PROVIDED INFORMATION
========

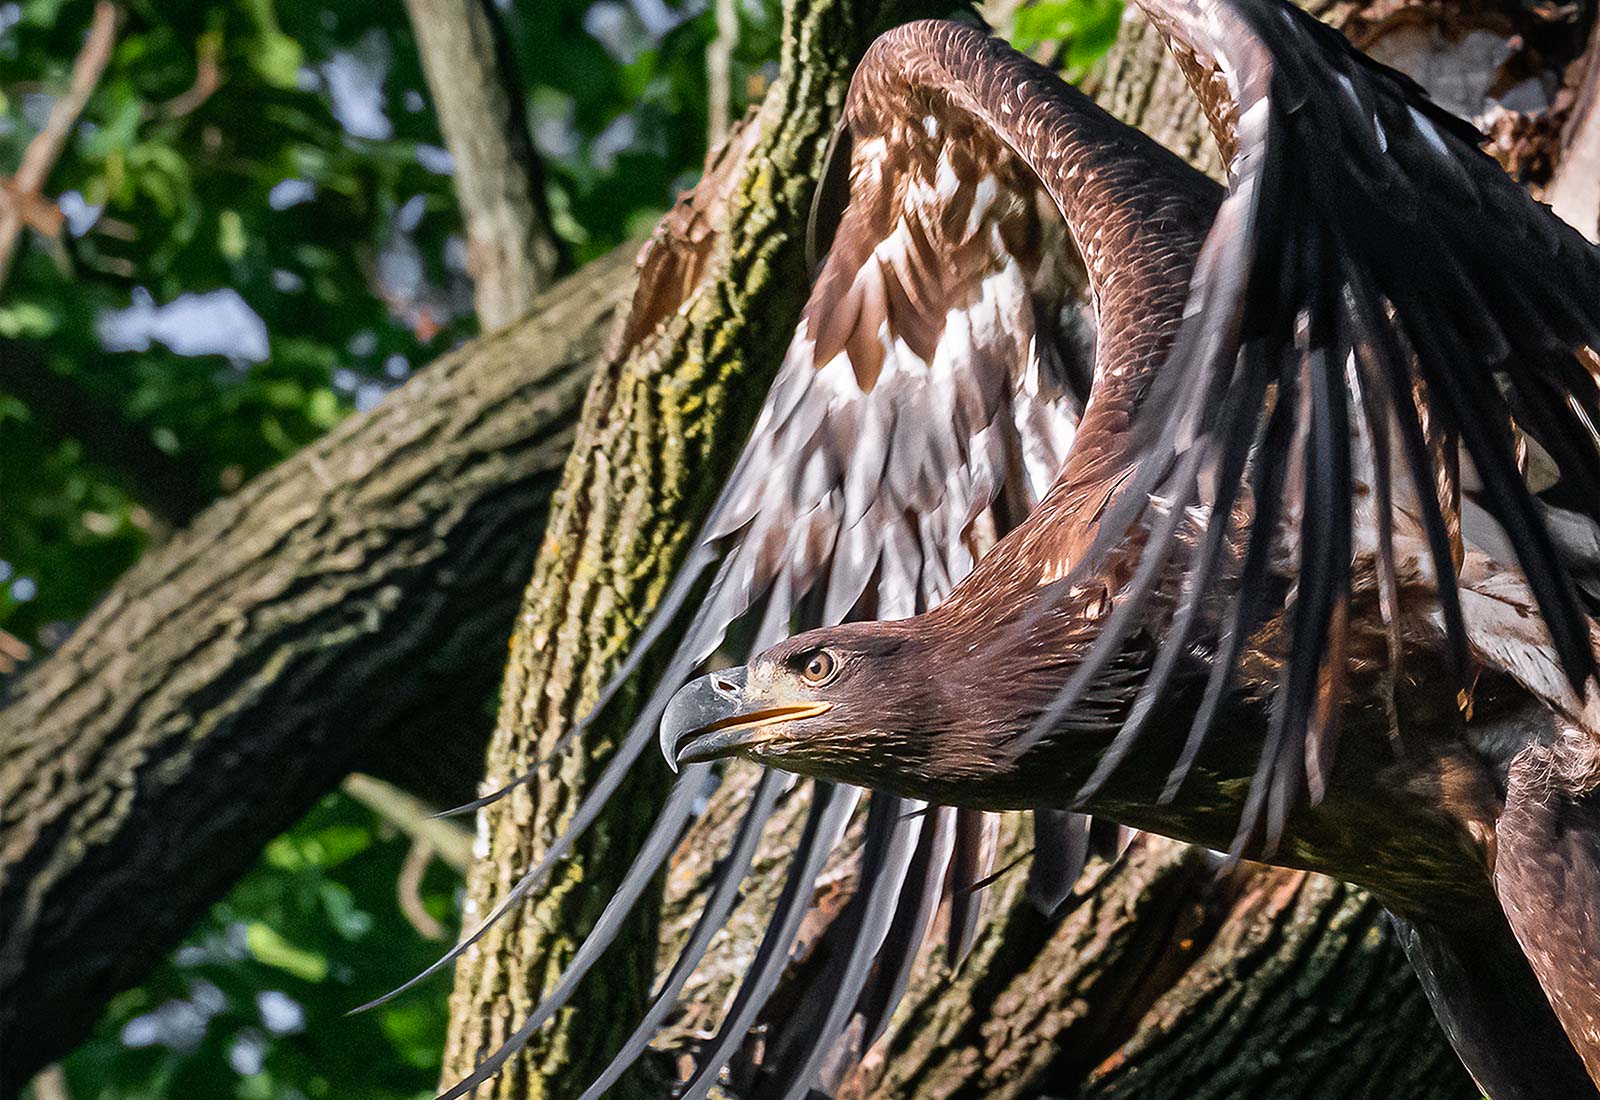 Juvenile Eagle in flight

========

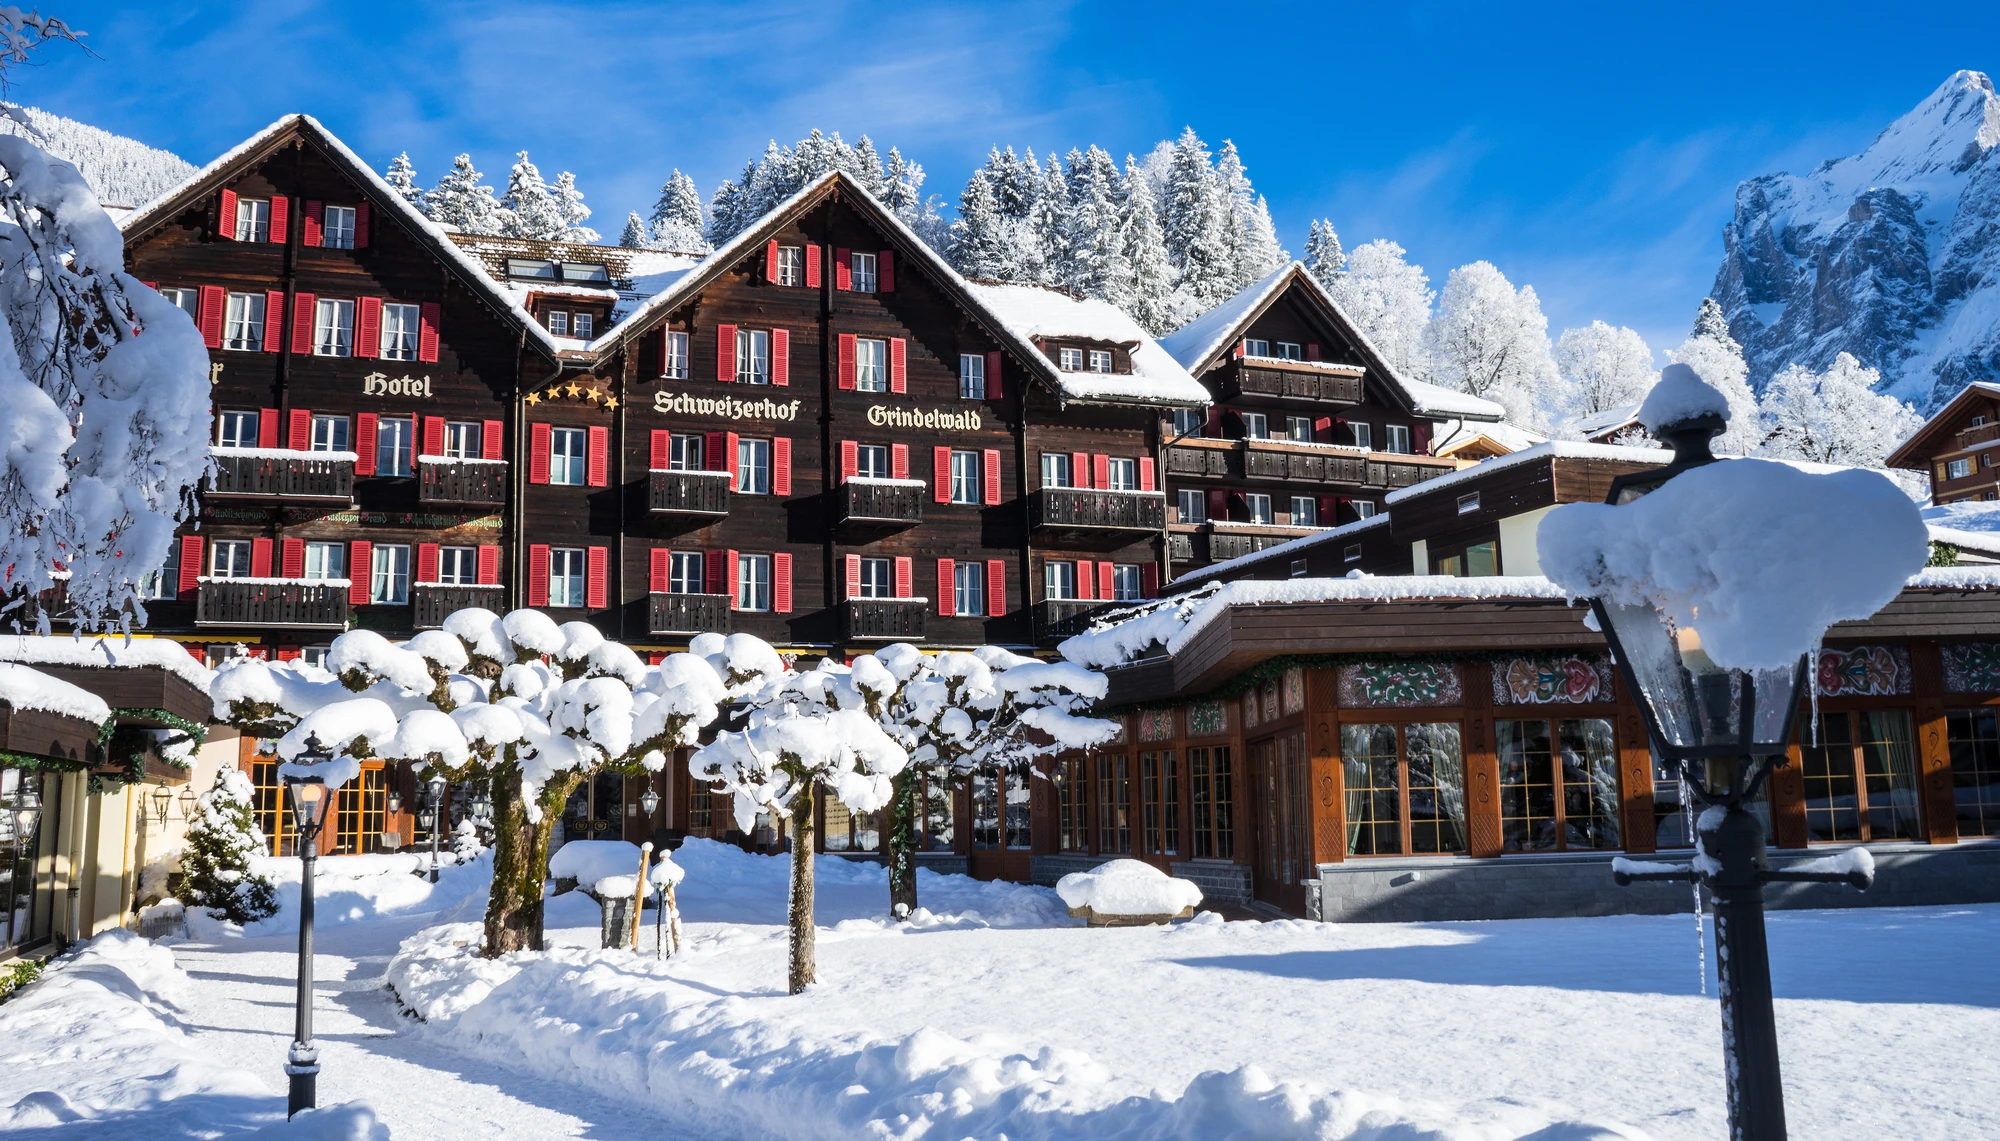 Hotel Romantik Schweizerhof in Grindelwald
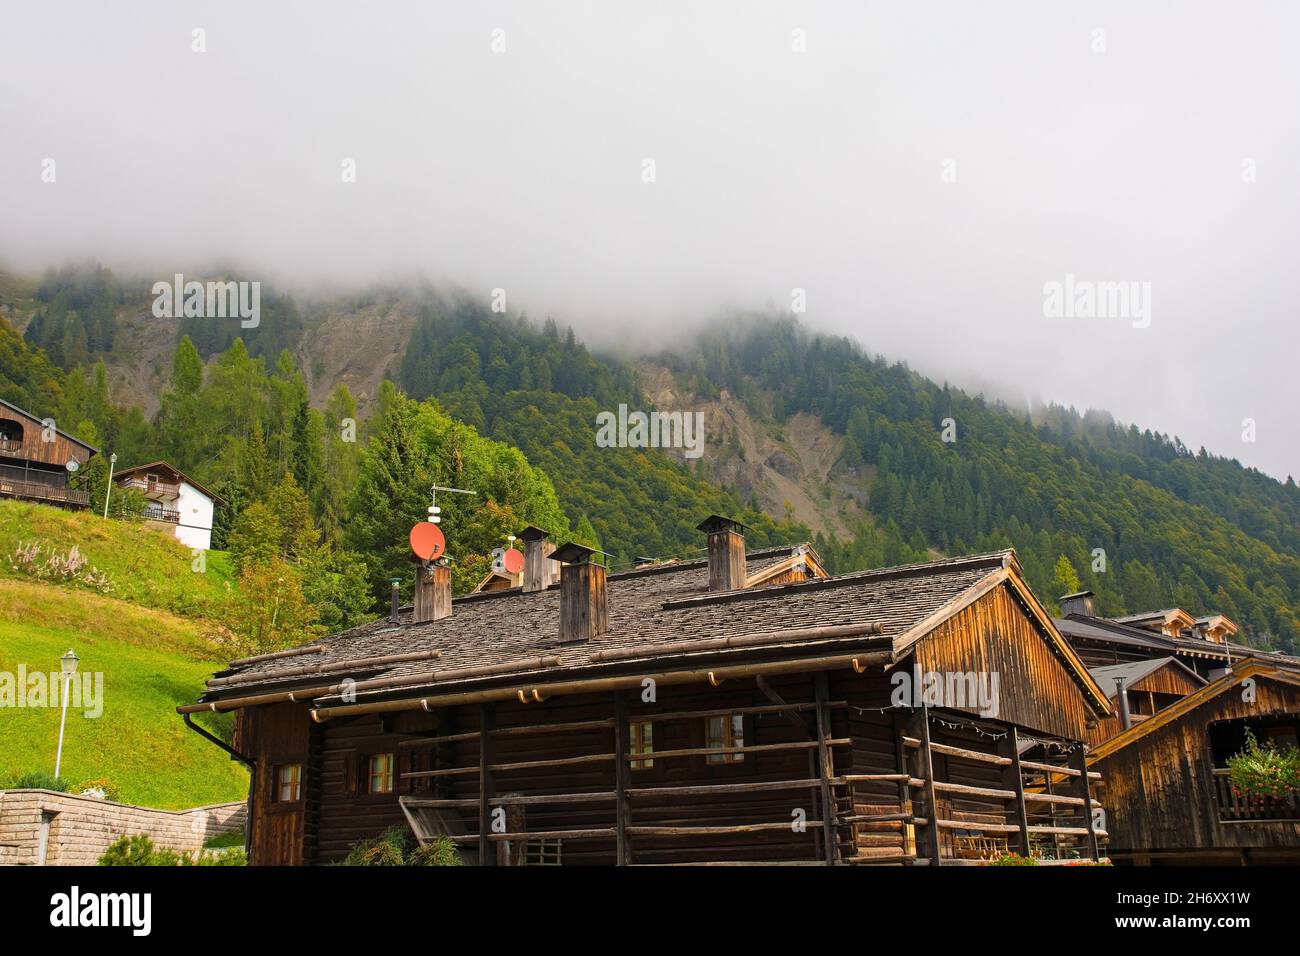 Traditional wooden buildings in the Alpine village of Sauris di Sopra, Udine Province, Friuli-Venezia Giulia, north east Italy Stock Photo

========

DIRECTIONS
Output exactly the lines above, from the line with "Hotel Romantik Schweizerhof in Grindelwald" to the line with "Traditional wooden buildings", both included; skip the pictures.

WRITTEN SOLUTION
 Hotel Romantik Schweizerhof in Grindelwald
 Traditional wooden buildings in the Alpine village of Sauris di Sopra, Udine Province, Friuli-Venezia Giulia, north east Italy Stock Photo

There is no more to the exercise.